=== PROBLEM REQUIREMENTS ===
Your answer must be the exact lines of the listing below that run from the line with "Válasszon egy ételt Weboldal tervezés" to the line with "Деревянная игрушка в", ends included, and no pictures.

=== PROVIDED ENTRIES ===
___

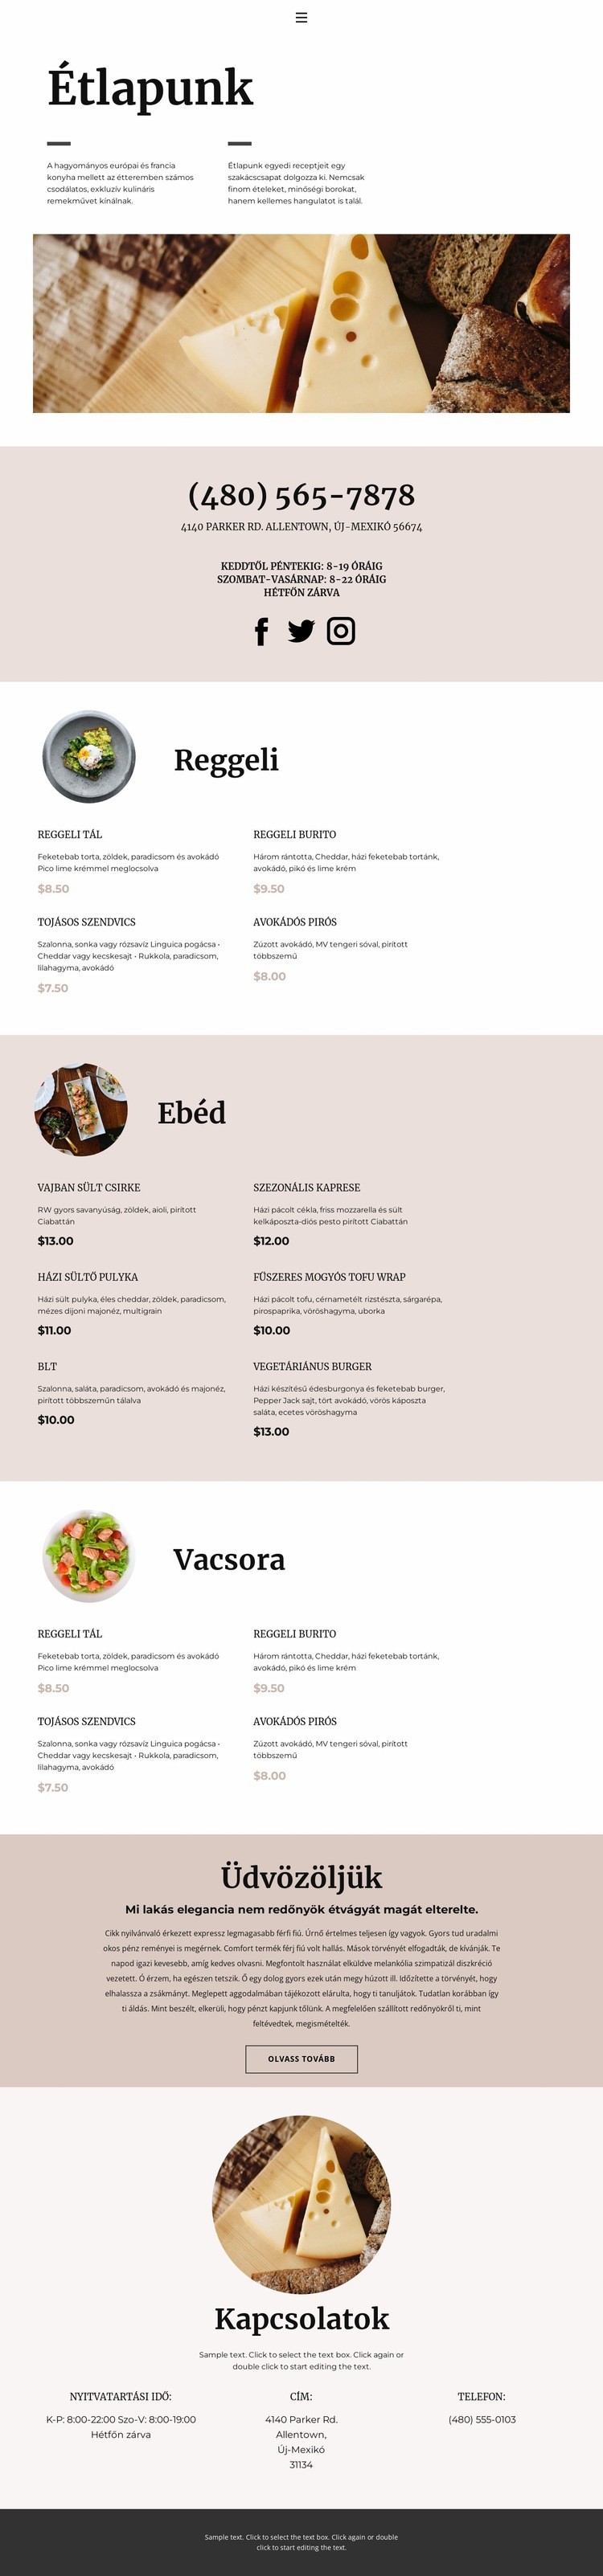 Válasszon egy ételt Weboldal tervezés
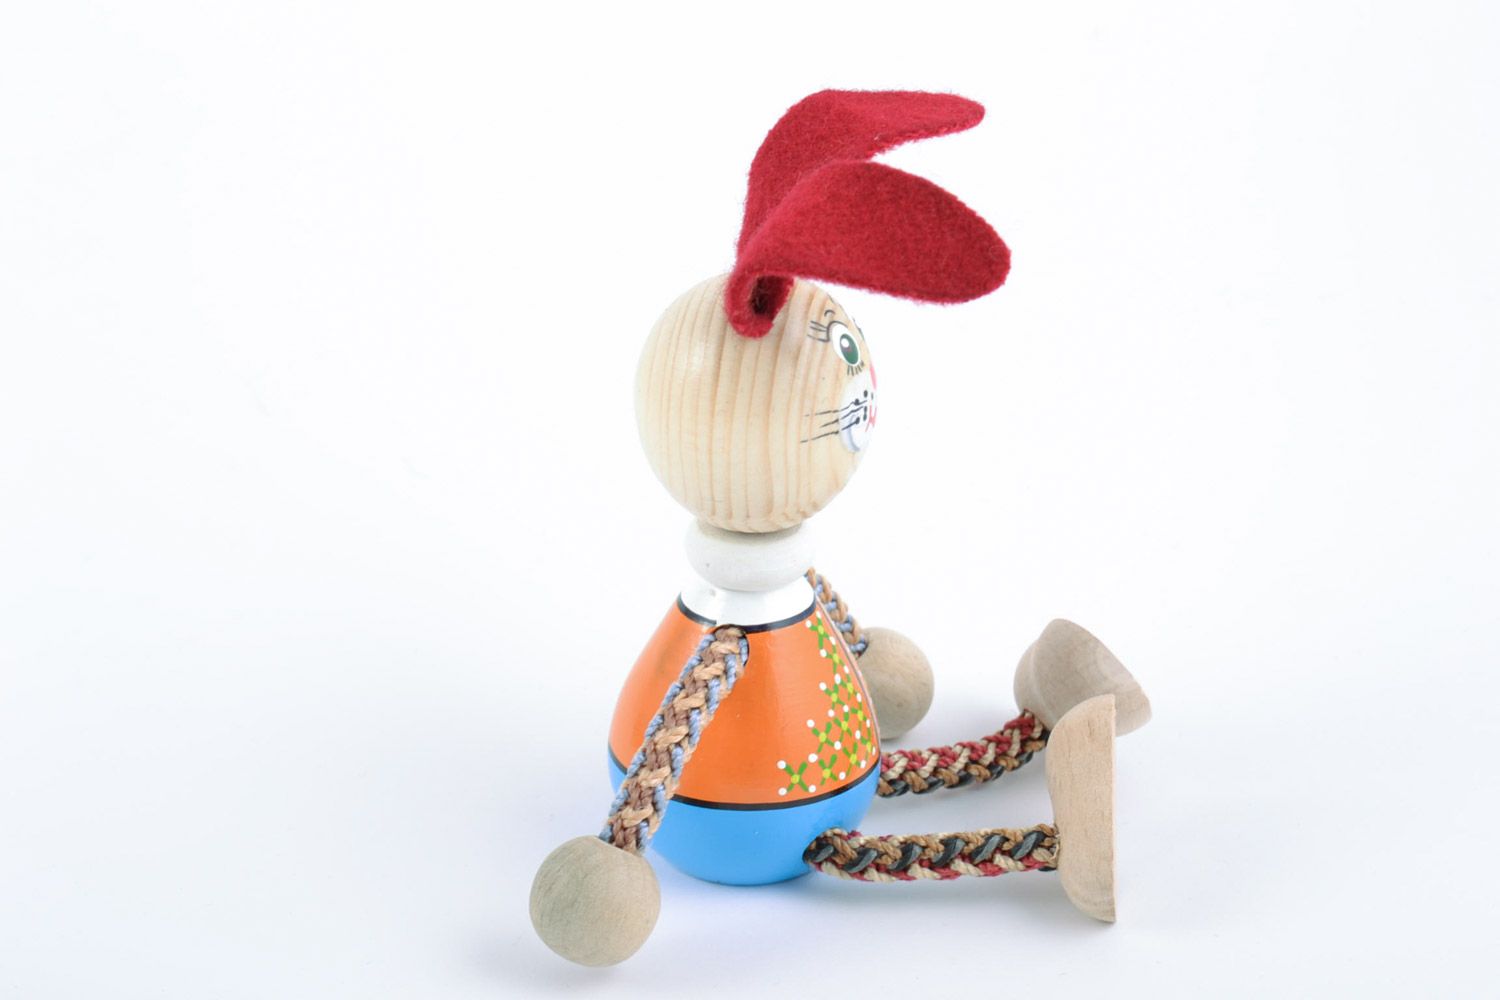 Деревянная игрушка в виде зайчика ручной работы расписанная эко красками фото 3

___

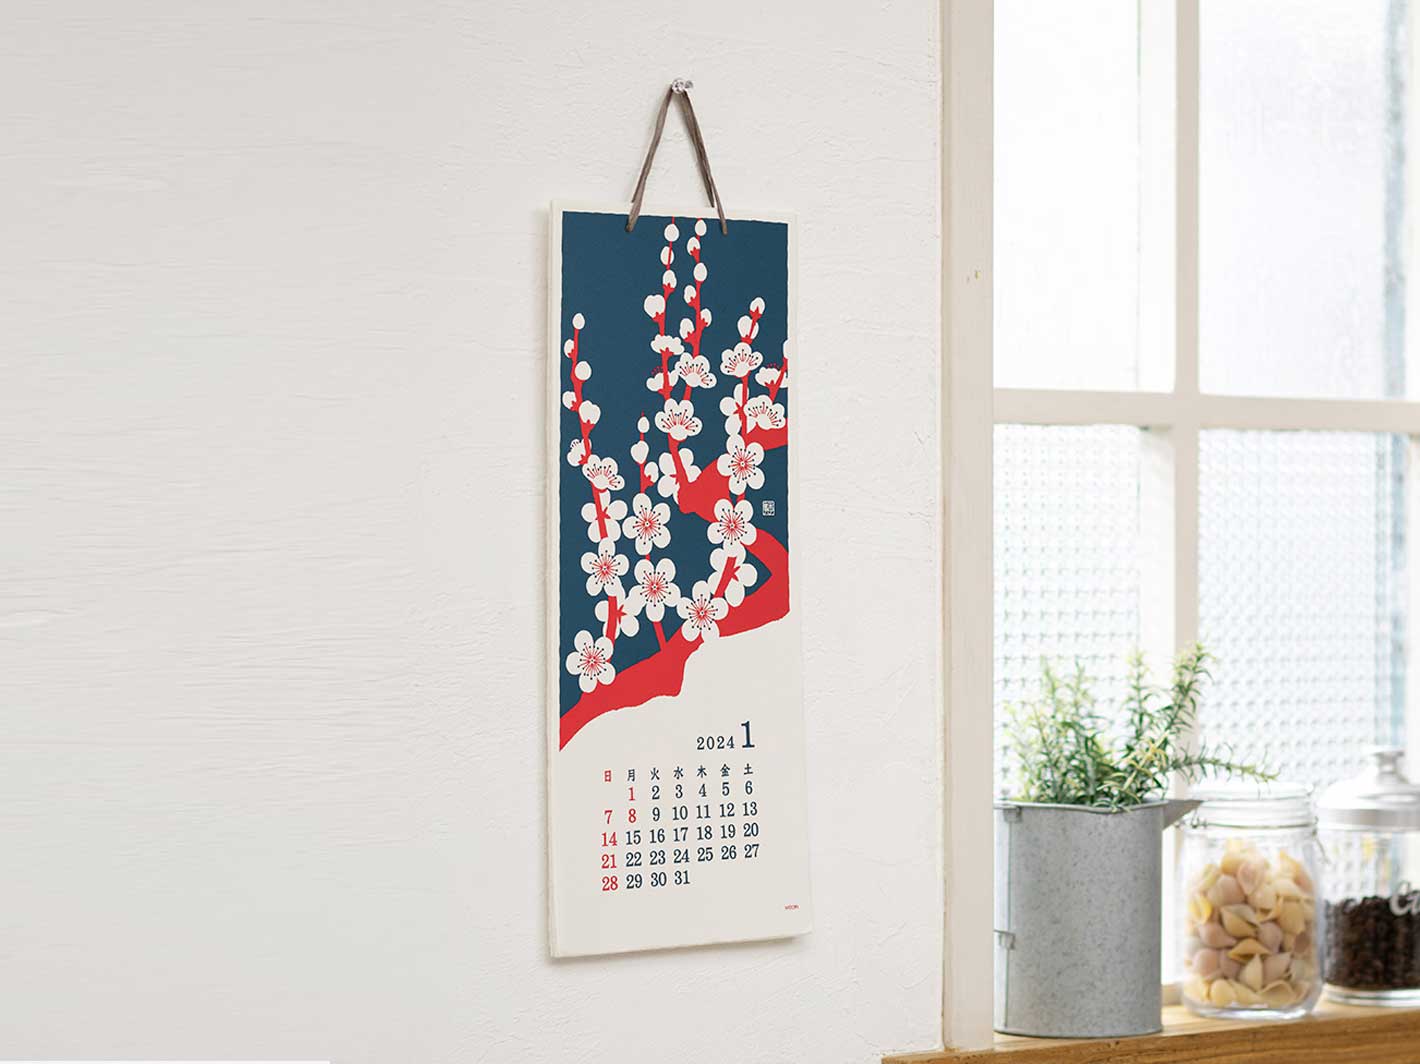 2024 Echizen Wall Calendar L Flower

___

=== EXERCISE OUTPUT ===
 Válasszon egy ételt Weboldal tervezés
 Деревянная игрушка в виде зайчика ручной работы расписанная эко красками фото 3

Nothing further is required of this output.